- **Exercise objective**: Retype the lines below exactly, from the one that contains "12/31 (TUE) PROGRESSIVE" through the last, and leave every picture out.

- **Supplied data**:
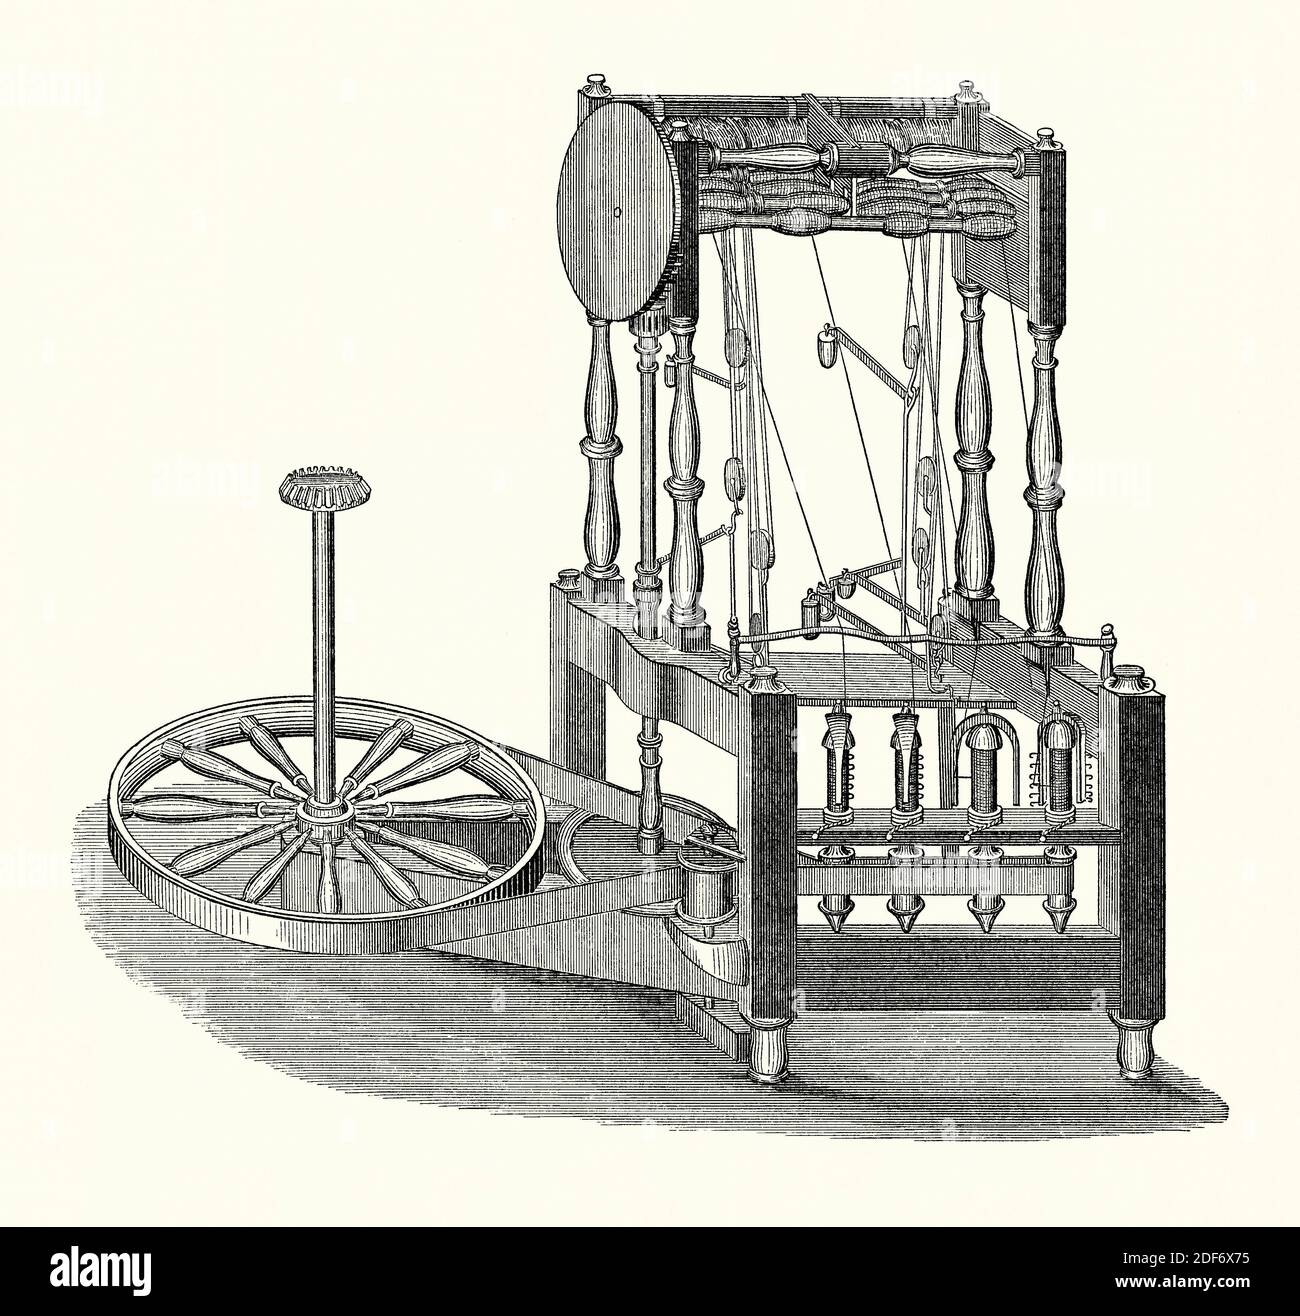 Une ancienne gravure de l’eau ou du cadre de rotation d’Arkwright. Il est issu d'un livre victorien d'ingénierie mécanique des années 1880. Le cadre d'eau est un cadre en rotation qui est alimenté par une roue d'eau. Richard Arkwright (1732–1792), qui l'a breveté en 1769, a conçu la machine pour la fabrication de fils de coton. Il a été utilisé pour la première fois en 1765 et a pu faire tourner 96 threads à la fois, bien plus vite que jamais. En 1770, Arkwright et Partners construisit une usine alimentée par l'eau à Cromford, Derbyshire, Angleterre, Royaume-Uni. Elle employait bientôt plus de 300 personnes et est souvent considérée comme la première usine de la révolution industrielle. Banque D'Images
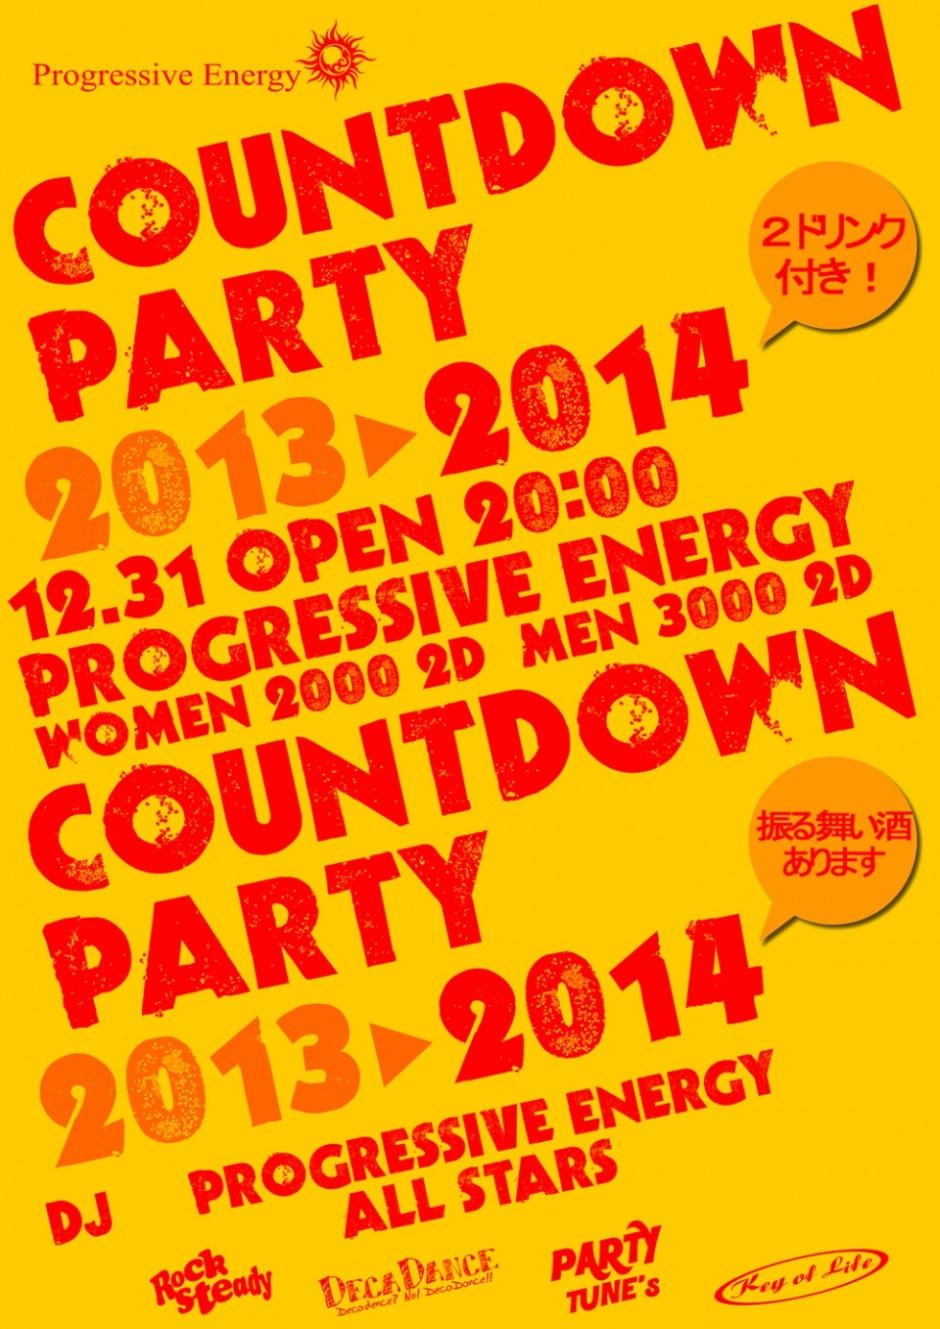 12/31 (TUE) PROGRESSIVE ENERGY COUNTDOWN PARTY 2013-2014
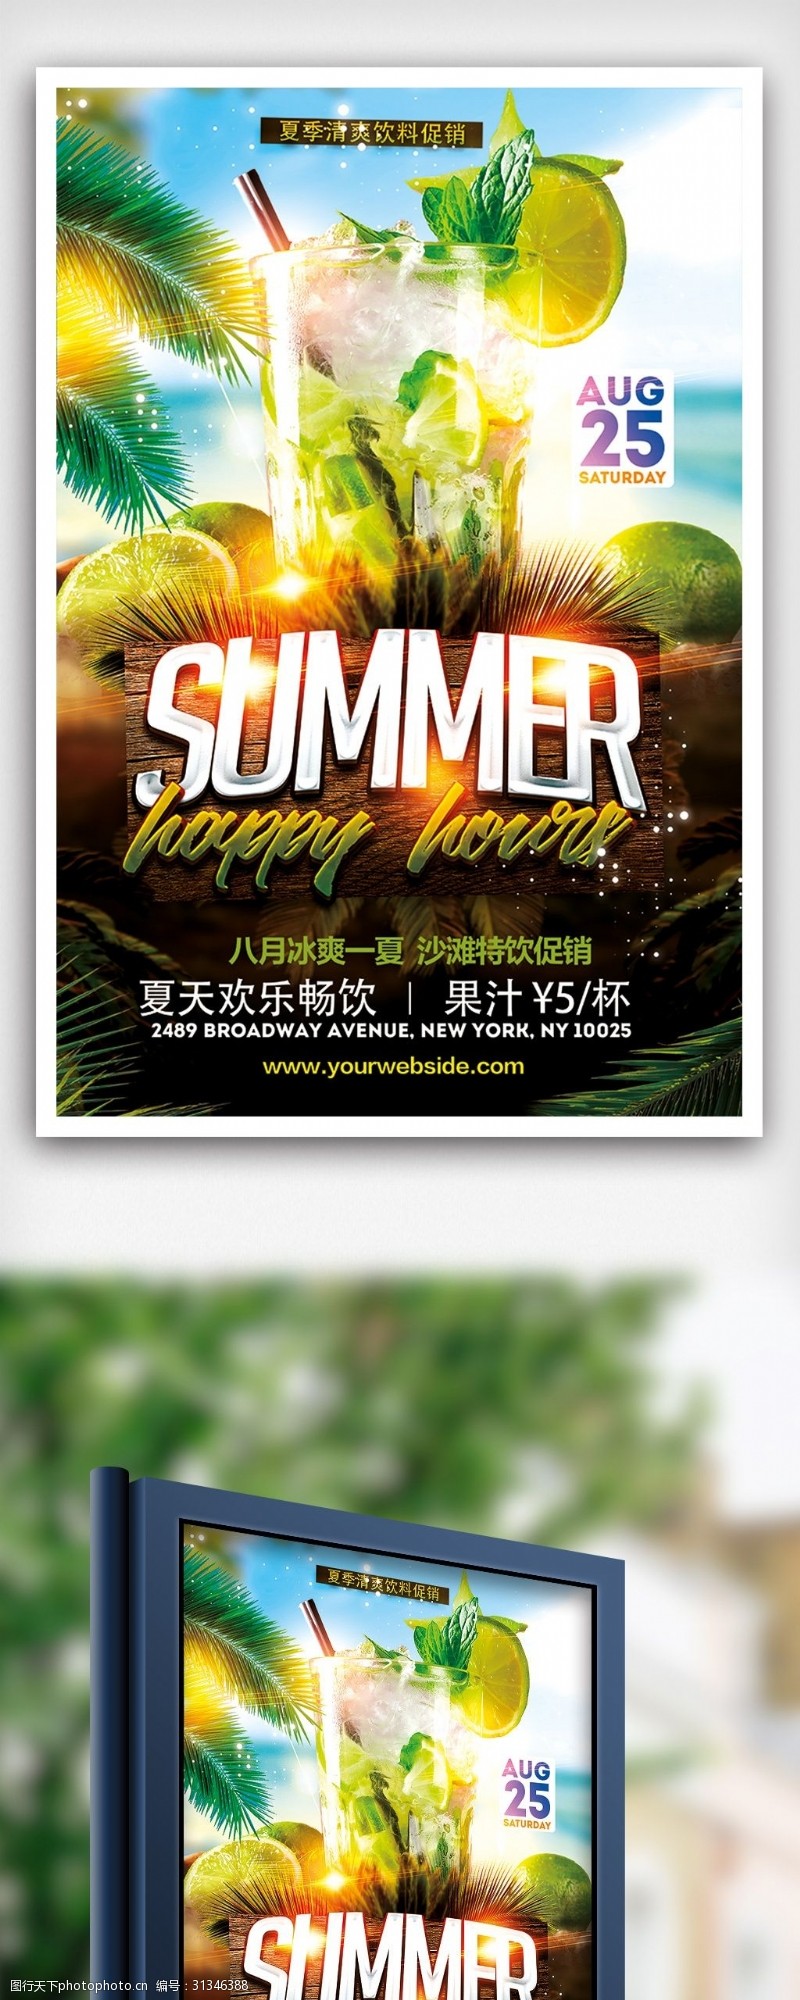 饮料图片免费下载夏季清爽饮料特价促销海报设计
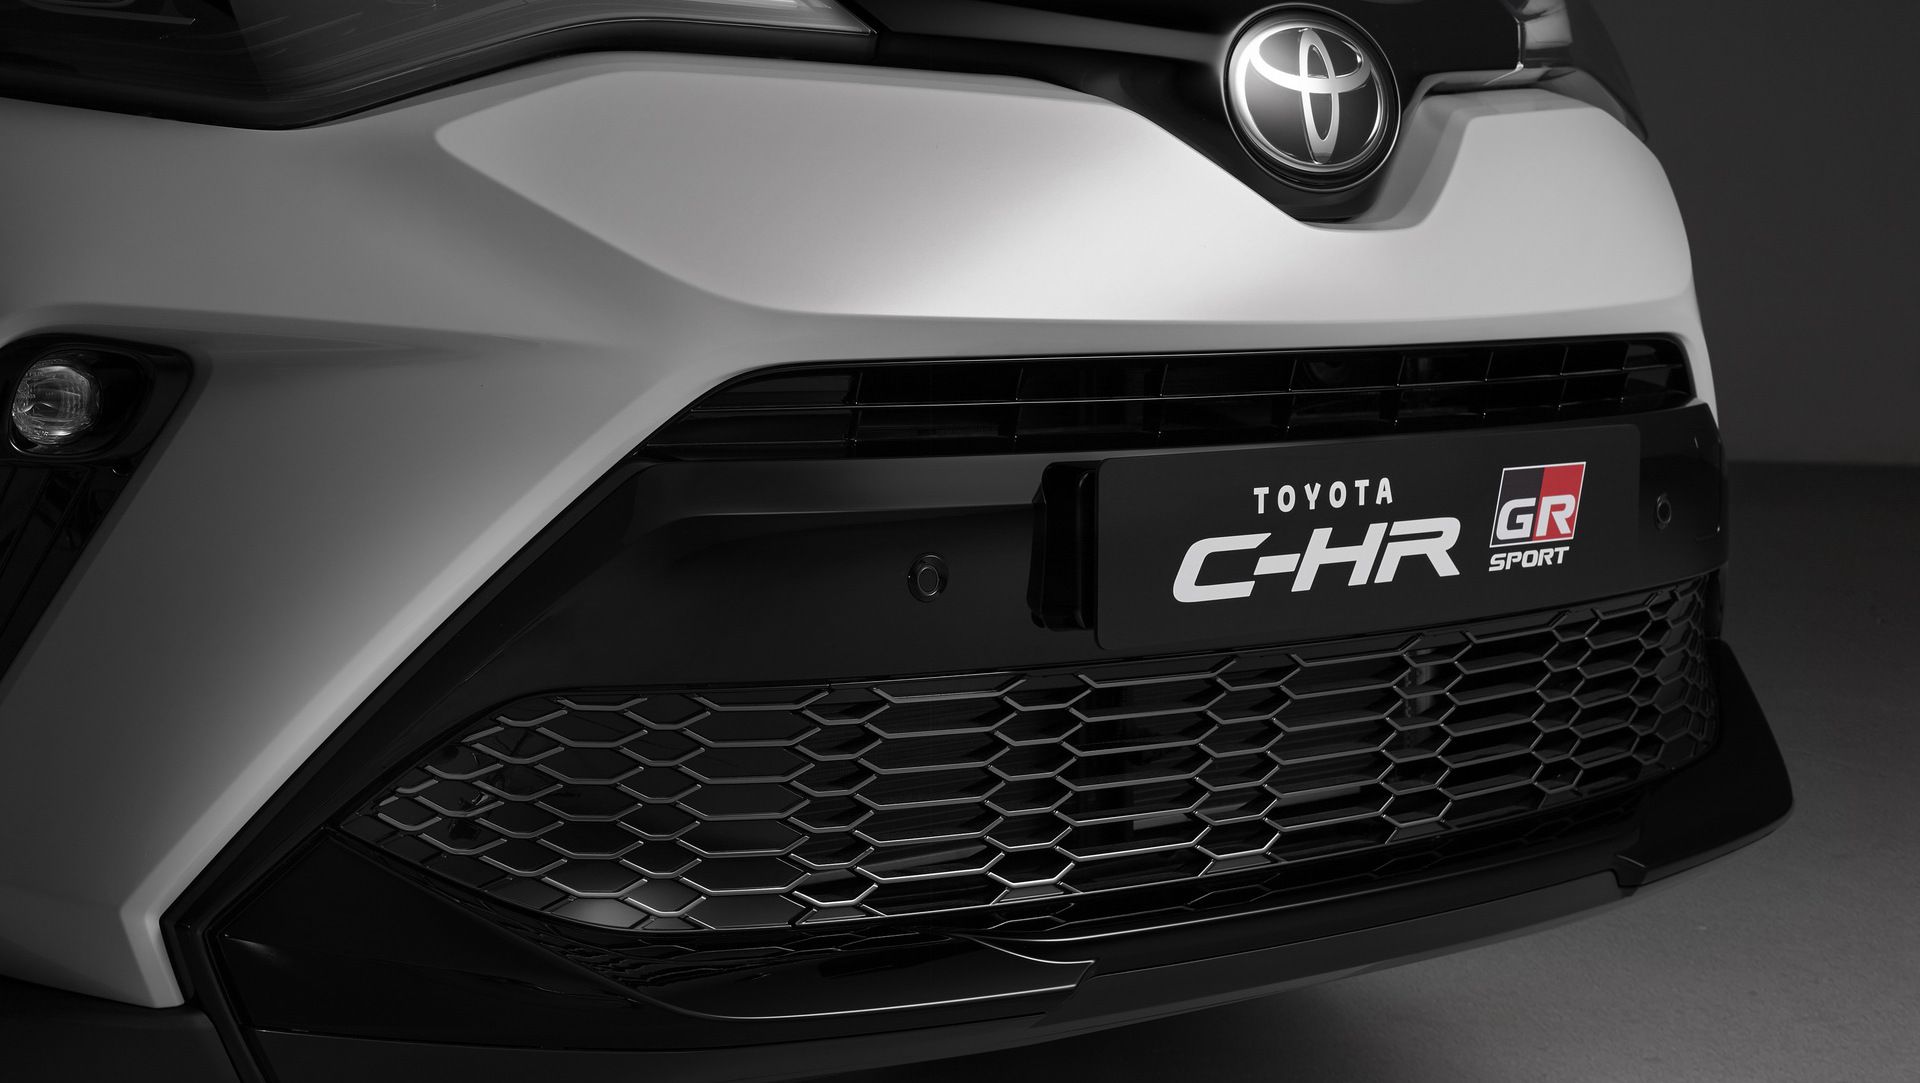 2021 Toyota C-HR Hybrid GR Sport Joins The Model's UK Range, Auto Moto

- **Task result**:
 12/31 (TUE) PROGRESSIVE ENERGY COUNTDOWN PARTY 2013-2014
 饮料图片免费下载夏季清爽饮料特价促销海报设计
 2021 Toyota C-HR Hybrid GR Sport Joins The Model's UK Range, Auto Moto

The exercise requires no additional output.